On l’imagine mal au volant d’une Passat ou d’une Golf… Mathias Müller, 62 ans, regard bleu acier, sourire carnassier, adepte des marches en montagne et des soirées entre copains, grand, mince et sportif, ne se pliera pas à la tradition du veston double rang en vogue à Wolfsbourg (Nord). Lui n’hésite pas à présenter les dernières nouveautés de Porsche en col roulé.
Bilan exemplaire
Dauphin, lui aussi – comme Martin Winterkorn à qui il doit succéder –, du patriarche Ferdinand Piëch, qui continue de tirer les ficelles dans l’ombre en tant que gros actionnaire du groupe, Matthias Müller a passé toute sa vie au sein du géant allemand de l'automobile qui comptabilise aujourd'hui douze marques. Né en 1953 à Chemnitz en Saxe, dans l'ex-RDA, sa famille a très tôt émigré vers à l'Ouest.
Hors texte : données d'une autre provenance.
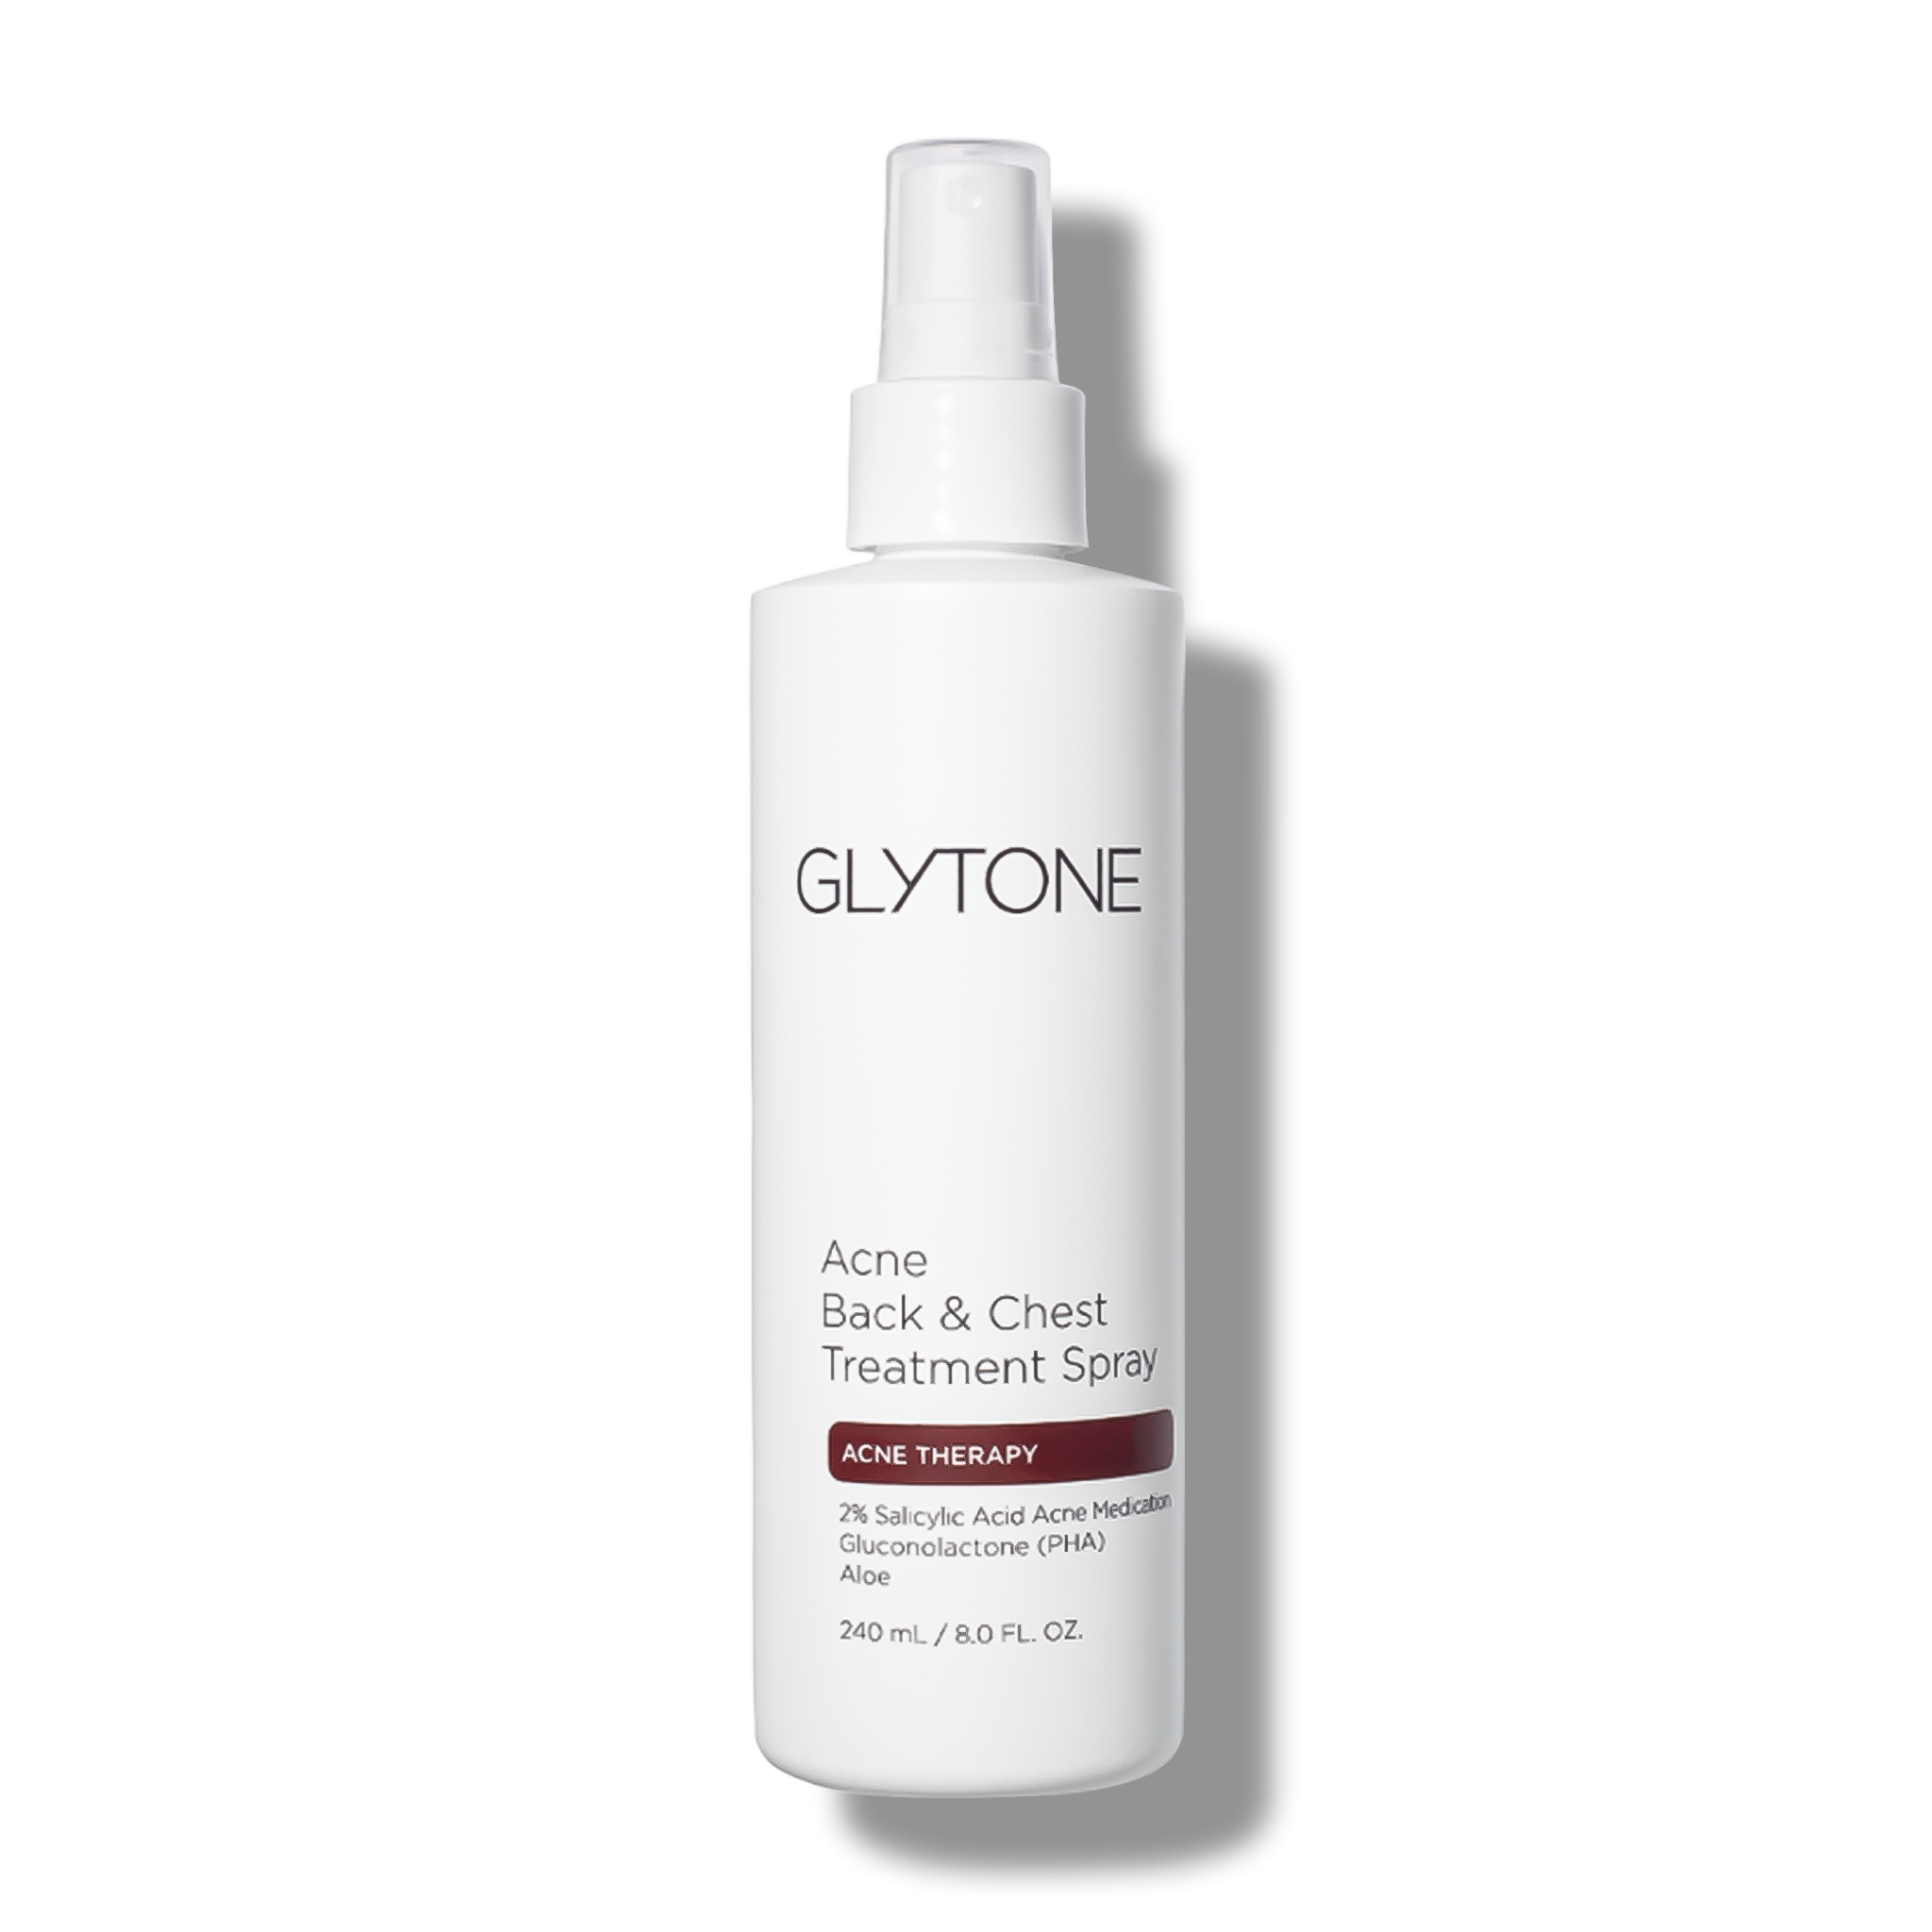 Glytone Acne Back & Chest Treatment Spray

Son parcours est classique, à l’allemande : une formation d’outilleur chez Audi suivie d’études d’informaticien à Munich, puis retour chez Audi, en 1978, où il enchaîne les postes à responsabilités au sein de la marque alors dirigée par Martin Winterkorn, mais aussi chez Seat, Lamborghini ou Volkswagen.
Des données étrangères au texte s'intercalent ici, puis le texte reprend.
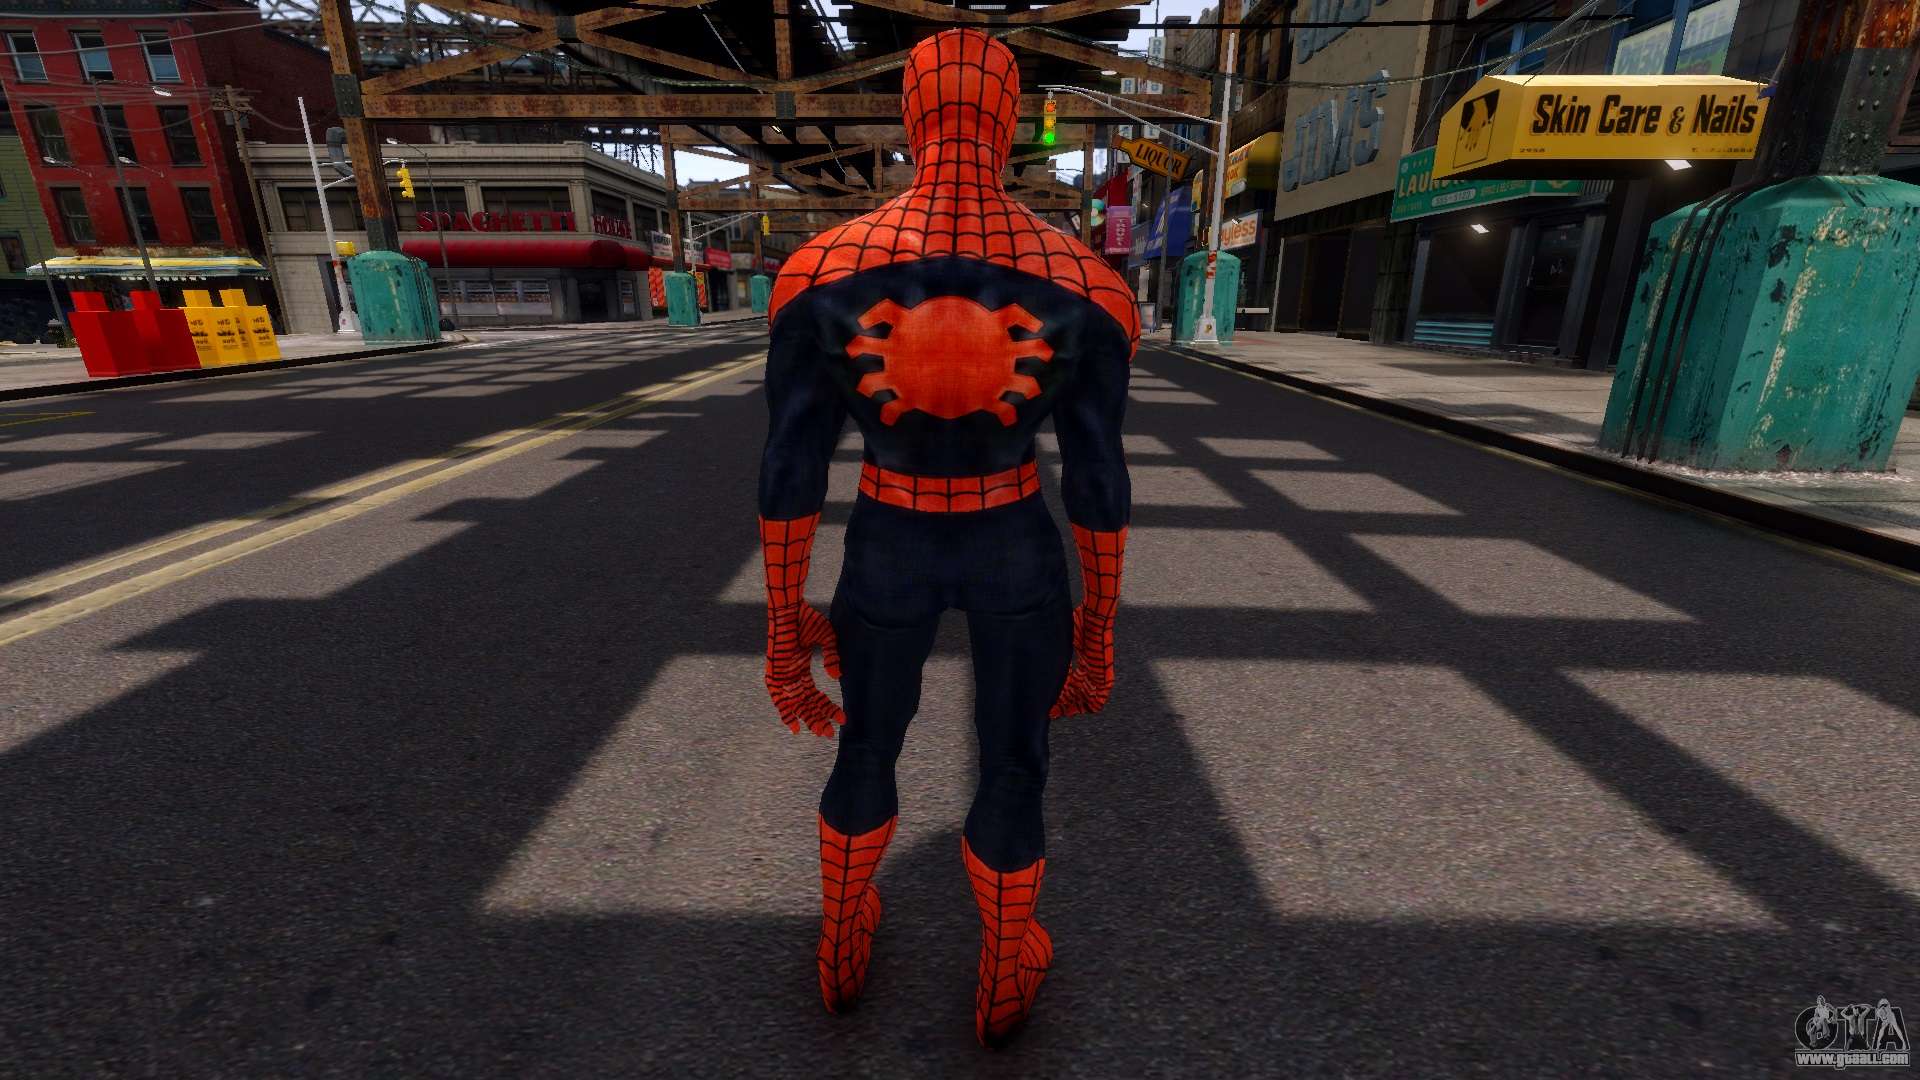 Spiderman Web of Shadows for GTA 4

En 2010, Ferdinand Piëch le nomme à la tête de Porsche avec une mission délicate : obtenir du fabriquant de bolides qu’il abandonne toute résistance contre le plan du «Vieux», l’intégration de Porsche au Konzern. «Mission accomplie, souligne le magazine der Spiegel. Sans se faire d’ennemis en interne !» Le bilan de Matthias Müller à la tête de Porsche est exemplaire. Rien qu’au cours du premier semestre 2015, les ventes on progressé de 29,8%, à 113 984 véhicules. Porsche séduit aussi par ses innovations, comme avec la présentation, lors du dernier Salon automobile de Francfort, d’une voiture de sport électrique à l’autonomie de 500 km au lieu des 150 promis par la concurrence. Il dispose également de la confiance des salariés, un atout indispensable au regard de la culture interne de Volkswagen. Le président du Comité d’entreprise de VW, et à ce titre membre influent du conseil de surveillance, Bernd Osterloh, apprécie sa «haute compétence sociale». Très sûr de lui mais pas arrogant d'après ses proches, il passe bien auprès des ouvriers.
«Risque»
Membre depuis 2007 du directoire du groupe, la structure qui chapeaute les différentes marques, Matthias Müller présente enfin l’avantage d’avoir été associé aux restructurations à venir, qui prévoient le regroupement des douze marques en quatre entités distinctes, afin de briser l’excès de centralisation dont Volkswagen souffrirait aux yeux des analystes. «Le choix de Müller n’est pas entièrement dépourvu de risque», estime pourtant le Spiegel, rappelant que le premier véhicule connu doté d’un logiciel de manipulation des émissions toxiques, une Jetta commercialisée aux USA est arrivée sur le marché en 2009. A l’époque où le modèle a été développé, Matthias Müller était le responsable de la stratégie du groupe à Wolfsbourg.
Récemment, ce pur produit Volkswagen s'était engagé dans le débat sur les réfugiés. Dans un entretien au Süddeutsche Zeitung, il invitait les managers allemands à prendre position contre l'extrémisme.